Whole genome sequencing: 1,164 COVID-19 infected patients

Dataset ID	Type of Data	Criteria	Release Date
hum0343.v1.covid19.v1	GWAS for COVID-19	Unrestricted-access	2022/05/26
hum0343.v1.count.v1	NGS (RNA-seq) for COVID-19	Unrestricted-access	2022/05/26
hum0343.v2.qtl.v1	eQTL/sQTL summary statistics for COVID-19	Unrestricted-access	2022/06/14
E-GEAD-759	NGS (RNA-seq) for COVID-19 Protein expression for COVID-19	Unrestricted-access	2024/06/24
hum0343.v3.qtl.v1	eQTL/pQTL summary statistics for COVID-19	Unrestricted-access	2024/06/24
JGAS000739	The presence or absence of endogenous herpesvirus 6 and anellovirus load calculated from NGS (WGS) for COVID-19	Controlled-access (Type I)	2024/10/02

*Release Note

*Data users need to apply an application for Using NBDC Human Data to reach the Controlled-access Data. Learn more

*When the research results including the data which were downloaded from NHA/DRA, are published or presented somewhere, the data user must refer the papers which are related to the data, or include them in the acknowledgment. Learn more

MOLECULAR DATA

GWAS


Participants/Materials	[GWAS-1] COVID-19 (ICD-10: U071): 2,393 cases, Healthy controls: 3,289 individuals [GWAS-2] Severe COVID-19: 990 cases and 3,289 healthy controls from [GWAS-1] [GWAS-3] COVID-19 under age 65: 1,484 cases and 2,377 healthy controls under age 65 from [GWAS-1] [GWAS-4] Severe COVID-19 under age 65: 440 cases and 2,377 healthy controls under age 65 from [GWAS-3]
Targets	Genome wide SNPs
Target Loci for Capture Methods	-
Platform	Illumina [Infinium Asian Screening Array]
Source	DNAs extracted from peripheral blood cells
Cell Lines	-
Reagents (Kit, Version)	Infinium Asian Screening Array
Genotype Call Methods (software)	genotyping: GenomeStudio haplotype phasing: SHAPEIT4 (autosome), SHAPEIT2 (X-chromosome) imputation: Minimac4
Association Analysis (software)	PLINK2
Filtering Methods	Sample QC: We excluded samples with (1) sample call rate < 0.97 (2) excess heterozygosity of genotypes > mean + 3SD (3) related samples with PI_HAT > 0.175 (4) outlier samples from East Asian clusters in principal component analysis with 1000 Genomes Project samples.

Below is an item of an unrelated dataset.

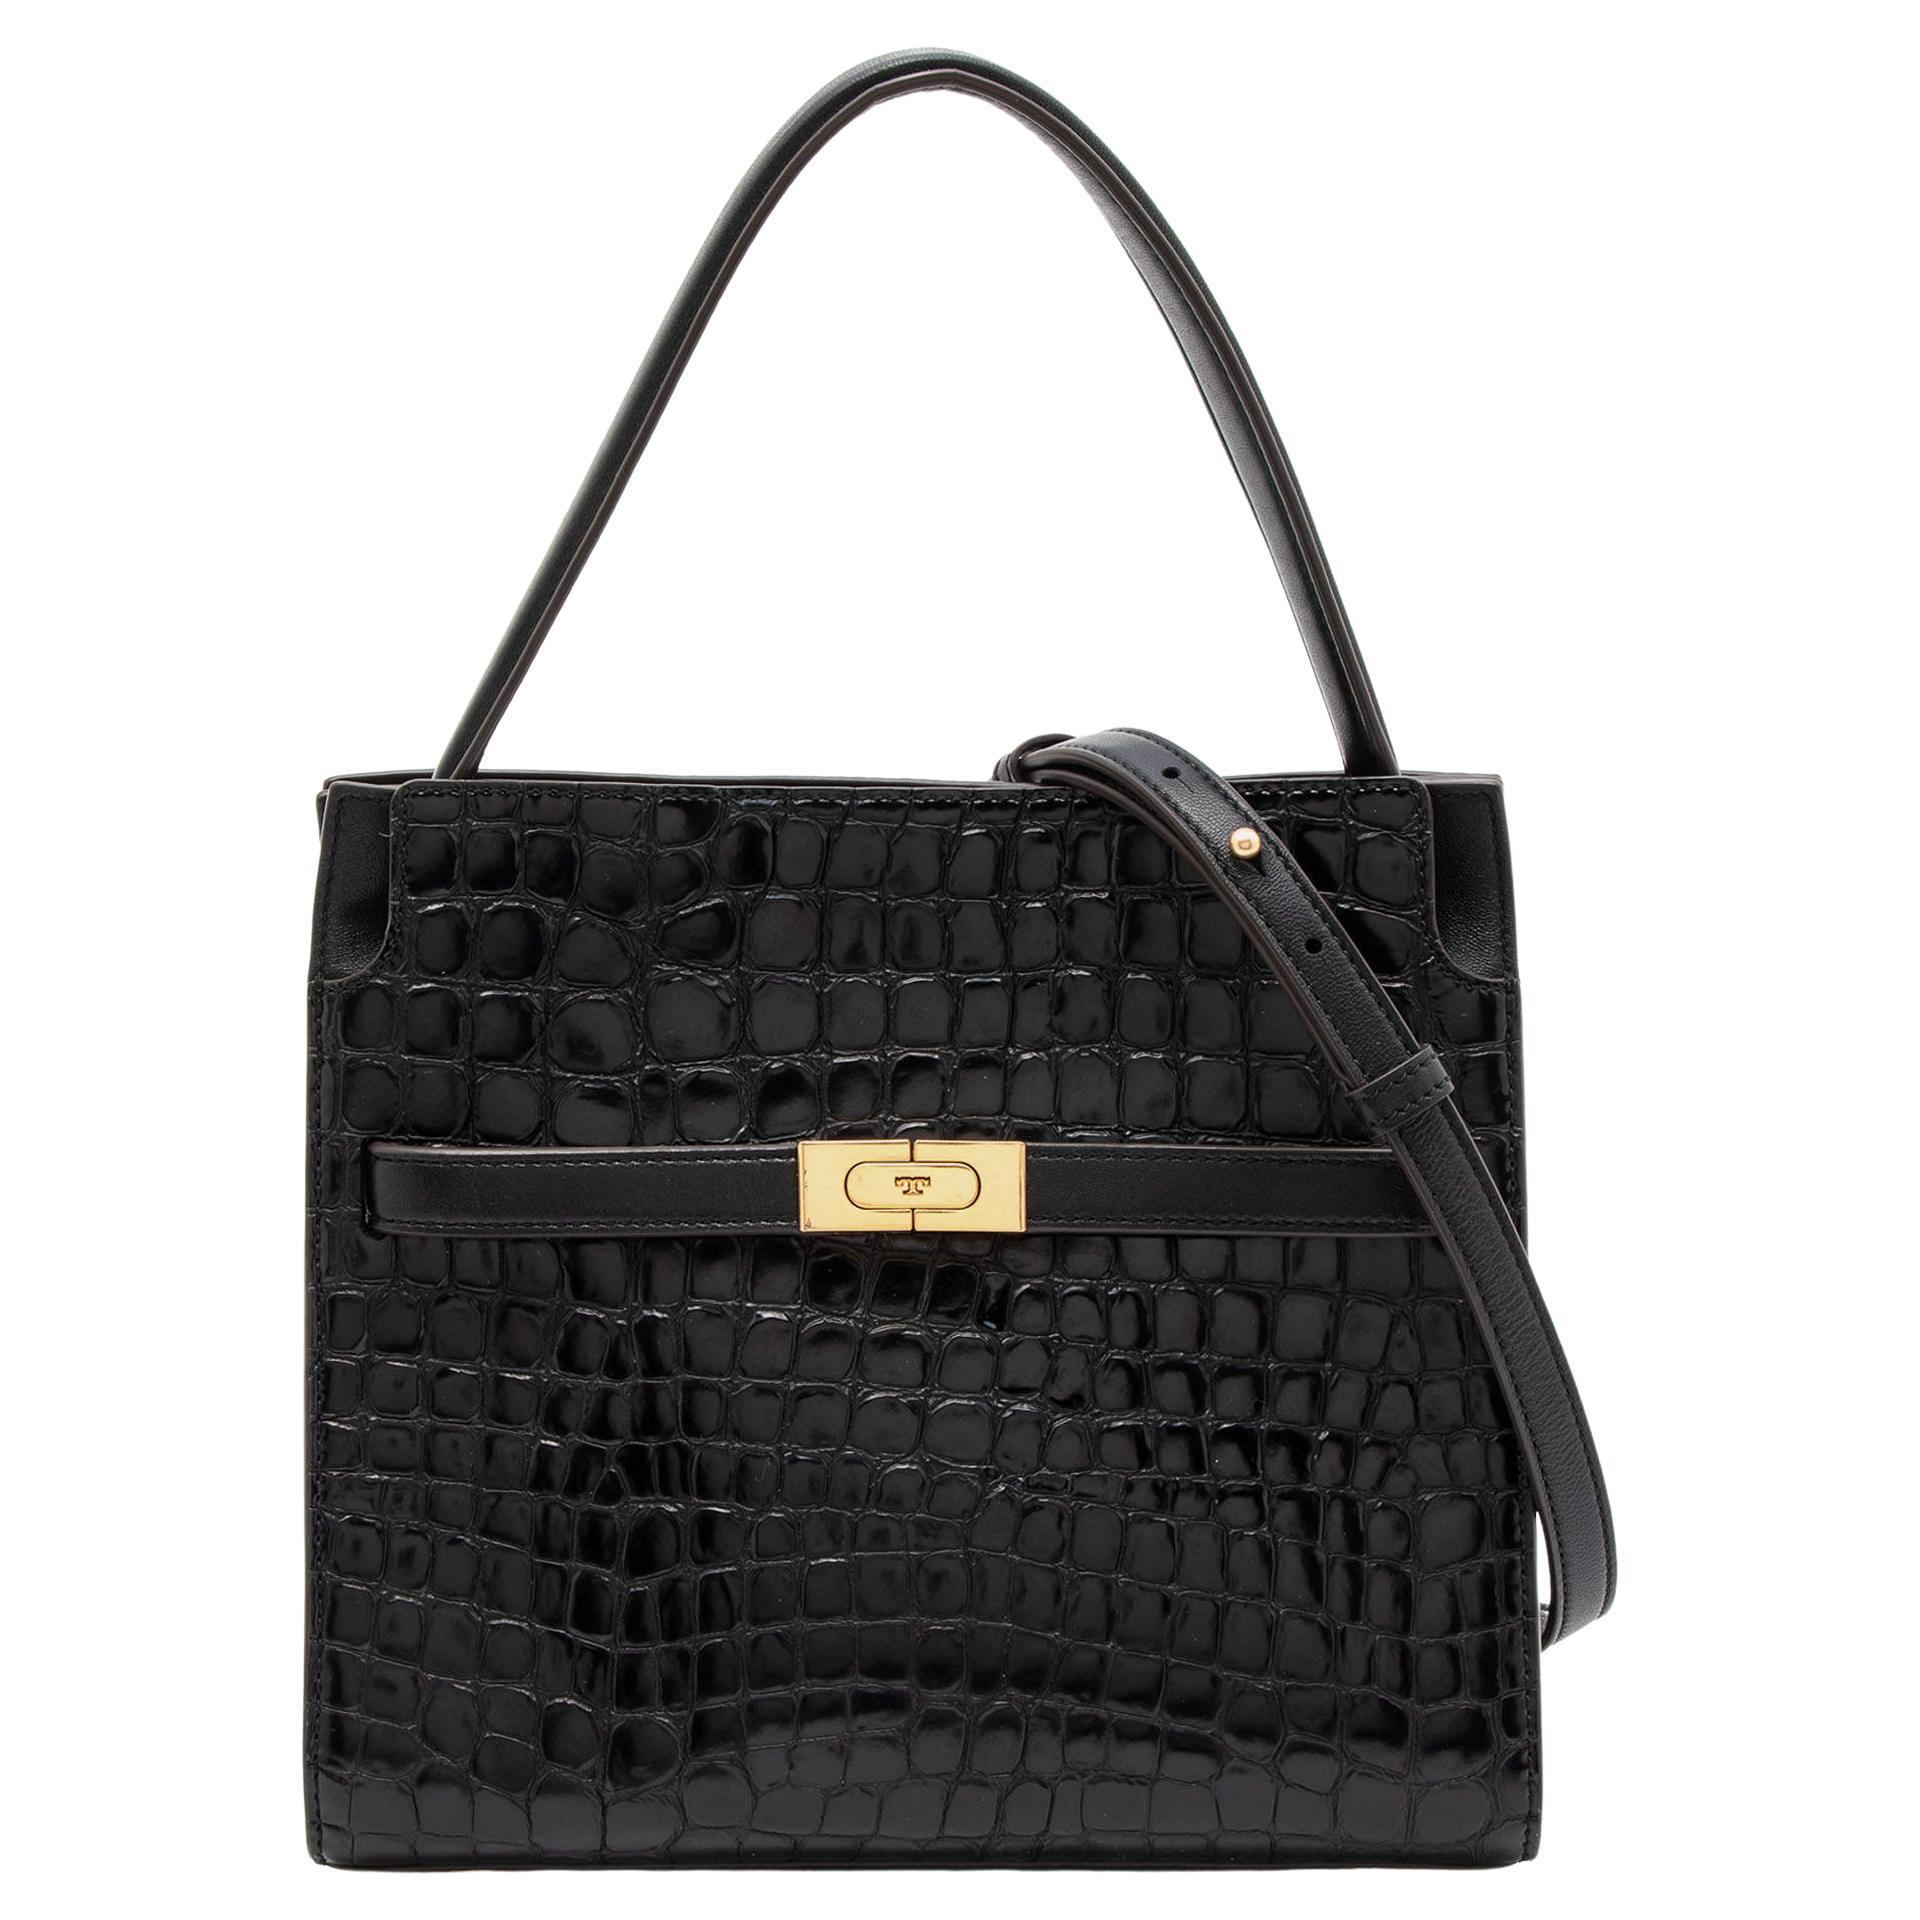 Tory Burch Black Croc Embossed Leather and Suede Small Lee Radziwill Double Bag

Genotyping QC: We excluded variants with (1) variant call rate < 0.99 (2) significant call rate differences between cases and controls with P < 5.0×10-8 (3) deviation from Hardy-Weinberg equilibrium with P < 1.0×10-6 (4) minor allele count < 5 Imputation QC: MAF ≥ 0.1% and imputation score (Rsq) > 0.5
Marker Number (after QC)	[GWAS-1] 13,484,569 variants [GWAS-2] 13,199,053 variants [GWAS-3] 13,241,602 variants [GWAS-4] 12,764,136 variants
NBDC Dataset ID	hum0343.v1.covid19.v1 [GWAS-1][GWAS-2][GWAS-3][GWAS-4] (Click the gwas number to download files) Dictionary file
Total Data Volume	[GWAS-1] 361 MB [GWAS-2] 354 MB [GWAS-3] 354 MB [GWAS-4] 343 MB
Comments (Policies)	NBDC policy

RNA-seq


Participants/Materials	COVID-19 (ICD-10: U071): 473 cases
Targets	RNA-seq
Target Loci for Capture Methods	-
Platform	Illumina [NovaSeq6000]
Library Source	RNAs extracted from peripheral blood cells
Cell Lines	-
Library Construction (kit name)	NEBNext® Poly(A) mRNA Magnetic Isolation Module and NEBNext® Ultra™ Directional RNA Library Prep Kit for Illumina
Fragmentation Methods	Incubation in the buffer containing Mg2+ at 94°C for 15 minutes
Spot Type	Paired-end
Read Length (without Barcodes, Adaptors, Primers, and Linkers)	100 bp
Mapping Methods	Adapter removal: Trimmomatic (v0.39) Alignment: STAR (v2.7.9a) Annotation: GENCODE v30
Reference Genome Sequence	GRCh38/hg38
Detecting method for read count (software)	Gene level quantification and normalization: RSEM (v1.3.3)
QC	median transcripts per kilobase million (TPM) > 10
Gene Number	5991
NBDC Dataset ID	hum0343.v1.count.v1 (Click the Dataset ID to download the file) Sample Information
Total Data Volume	6 MB
Comments (Policies)	NBDC policy

eQTL/sQTL study


Participants/Materials	COVID-19 (ICD-10: U071): 465 cases (severe cases: 359, mild case: 106)
Targets	eQTL/sQTL summary statistics
Target Loci for Capture Methods	-
Platform	RNA-seq: Illumina [NovaSeq6000] SNP array data: Illumina [Infinium Asian Screening Array]
Library Source	read count data of RNA-seq and SNP array data of GWAS
Cell Lines	-
Library Construction (kit name)	RNA-seq: See RNA-seq SNP array data: See GWAS
Detecting method for read count (software)	Gene level quantification and normalization: RSEM (v1.3.3) Intron cluster quantification: LeafCutter (v0.2.7)
QC	Following GTEx pipeline (https://github.com/broadinstitute/gtex-pipeline/)
Detection method of eQTL (cis)	The eQTL effects of common (>1%) variants in cis (<+-1Mb) window of transcription sites were tested using fastQTL. Variant-gene pairs with cis-eQTL p-value<0.05, annotated with allele frequency (AF), p-value, effect size (beta) and posterior inclusion probability (PIP) were summarized.
Detection method of eQTL (trans)	Trans-eQTL effects were tested using tensorQTL. Variant-gene pairs with trans-eQTL p-value <5*10^-8, annotated with AF, p-value and beta were summarized.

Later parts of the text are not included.